ACTIVITY: The reply should hold every line of the listing exactly, and none of its images.

━━ SUPPLIED MATERIAL ━━

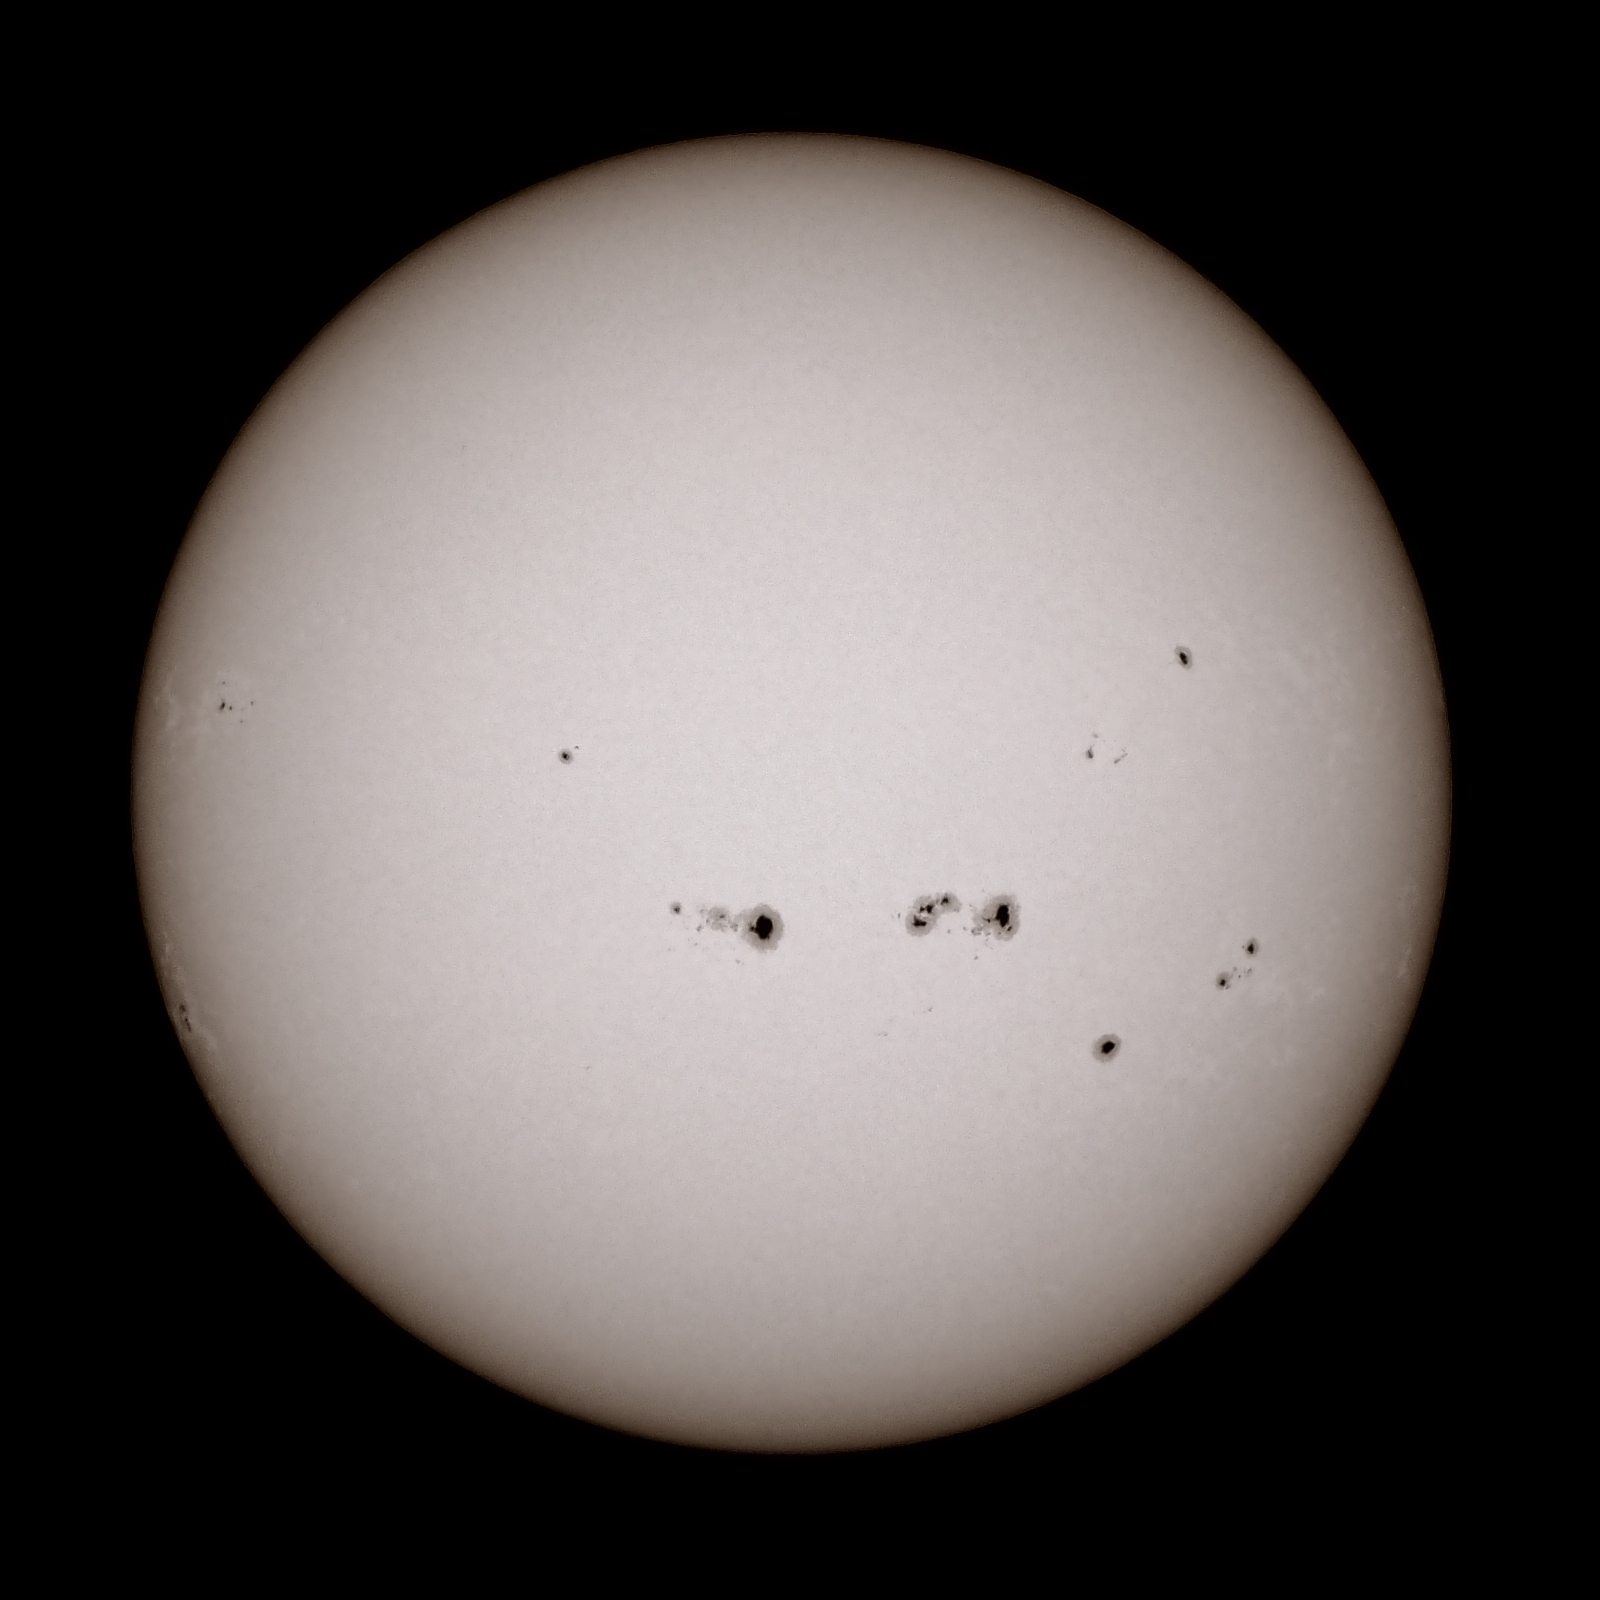 AstroArts: 投稿画像ギャラリー ... : 月の月齢 : すべての講義
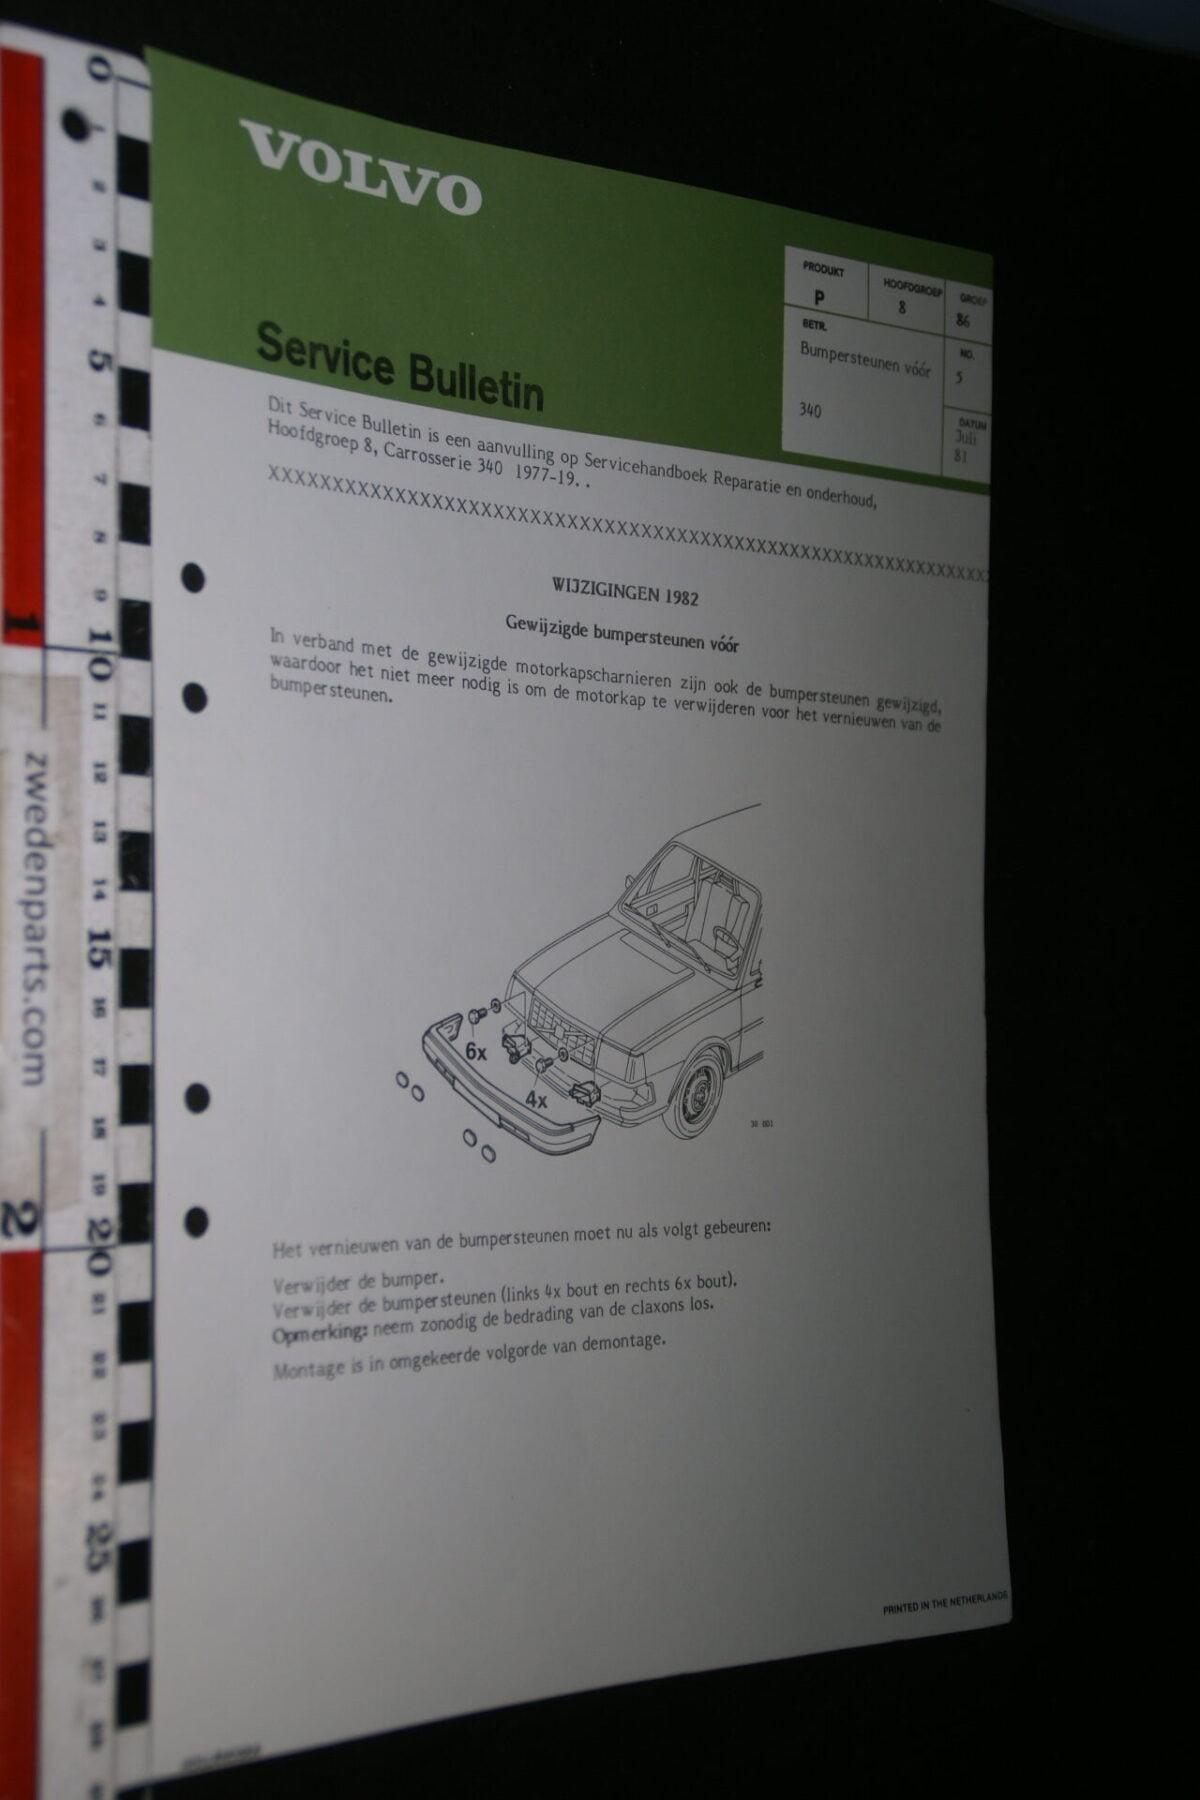 DSC07665 1981 origineel Volvo 340 werkplaatsboek servicebulletin 8-86 bumpersteunen vóór-baad5b5a
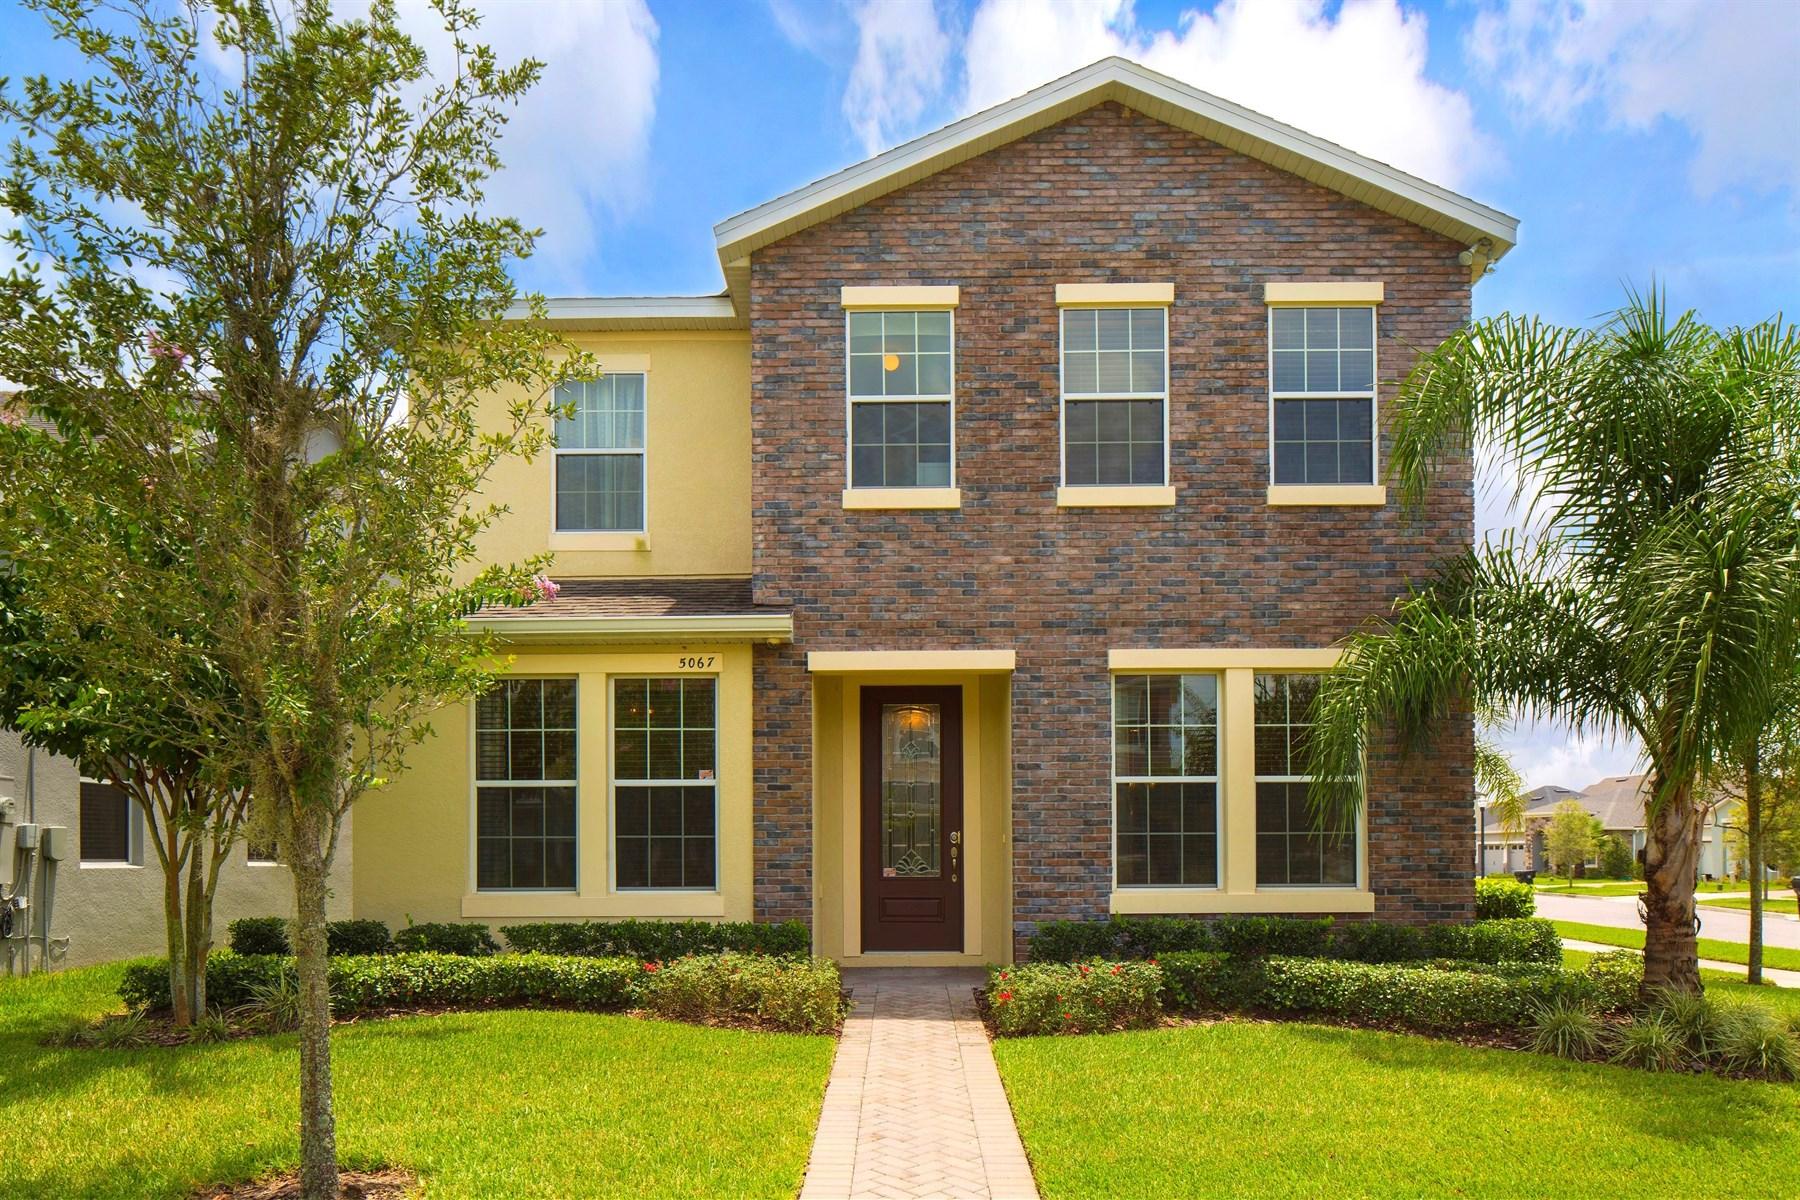 独户住宅 为 销售 在 ORLANDO 5067 Giant Bulrush Ln Orlando, 佛罗里达州 32811 美国

━━━

ANSWER:
 AstroArts: 投稿画像ギャラリー ... : 月の月齢 : すべての講義
 DSC07665 1981 origineel Volvo 340 werkplaatsboek servicebulletin 8-86 bumpersteunen vóór-baad5b5a
 独户住宅 为 销售 在 ORLANDO 5067 Giant Bulrush Ln Orlando, 佛罗里达州 32811 美国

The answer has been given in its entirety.